What I used to value when attending an event has been overshadowed by other priorities since FA. Before I might’ve concentrated on whether food would be served, the type of entertainment, access to a bathroom, or the decorations. Now I think more about the bathroom’s accessibility than I do where it is. I don’t question if there will be food, but rather how it’ll be consumed and what support Amelia will need to eat.

Will the sound be overwhelming, and how inclusive will the event be? What conversations do I need to have before we go so that Amelia will feel that she’s valued and belongs?

If she can’t be included in things, how do I make sure she isn’t bored? How much support is needed to enter or leave a space? What will be the timing of everything, and what might it do to Amelia’s fatigue? And the most important question of all: What will the temperature be? Overheating is a serious risk for Amelia.

Our family has changed. How we used to live and think are echoes of memory. That can create the sometimes-challenging situation of reaching across cultures between a family navigating a disability and one without any physical barriers.

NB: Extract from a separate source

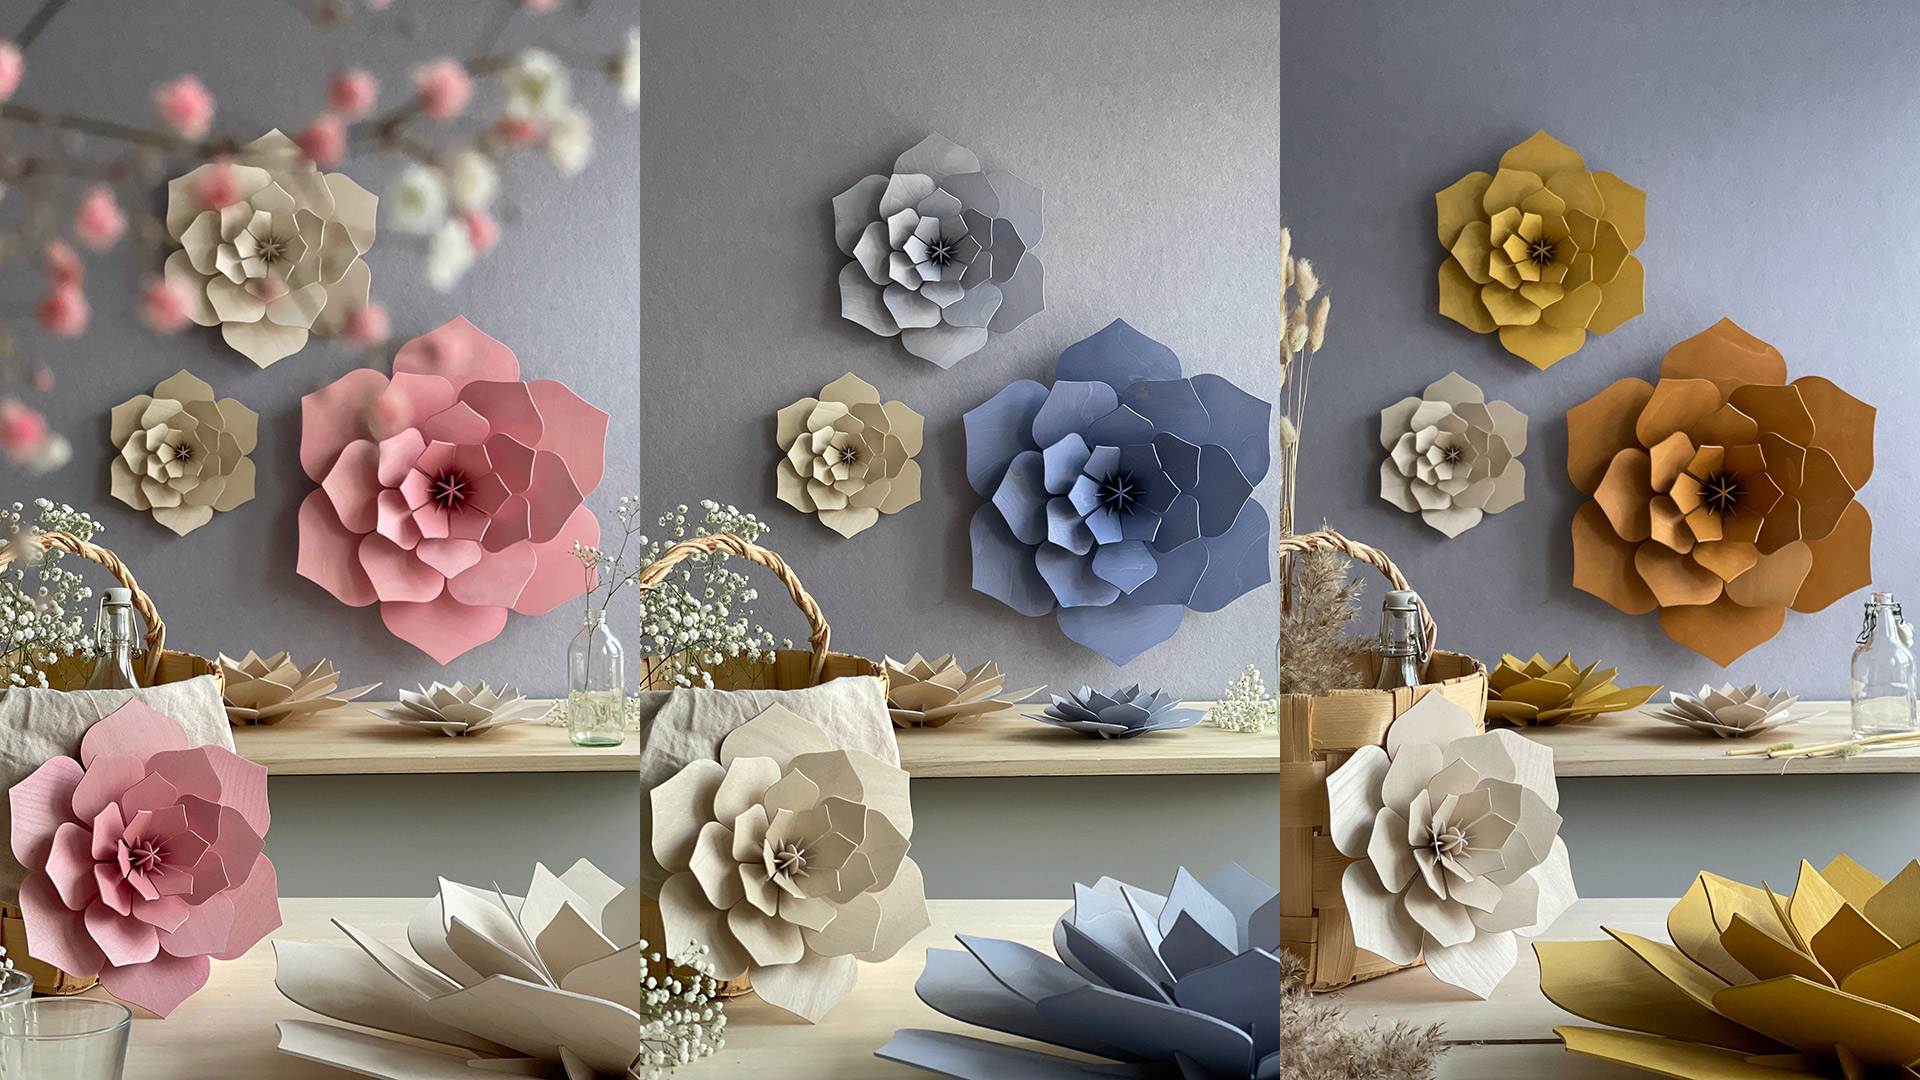 Wooden Decor Flowers by Lovi mounted on the wall and on table, different sizes and colors.

I need patience to remember that I didn’t always view life as I do now. I now need time to educate others about our family’s needs.

For those of you in a caregiving role, you know that time is a precious resource. It’s not just about being busy; it’s also about being tired. Here I can lean on some FA-focused cultural navigators who’ve been dealing with FA for a while and have wisdom to share.

When I start to get frustrated, I lean on my training. I spin the dial in my mind and recalibrate my view. That’s just like traveling. There’s so much to learn, and so much growth can happen, if we slow down, learn from the unique lives around us, and just be people, together.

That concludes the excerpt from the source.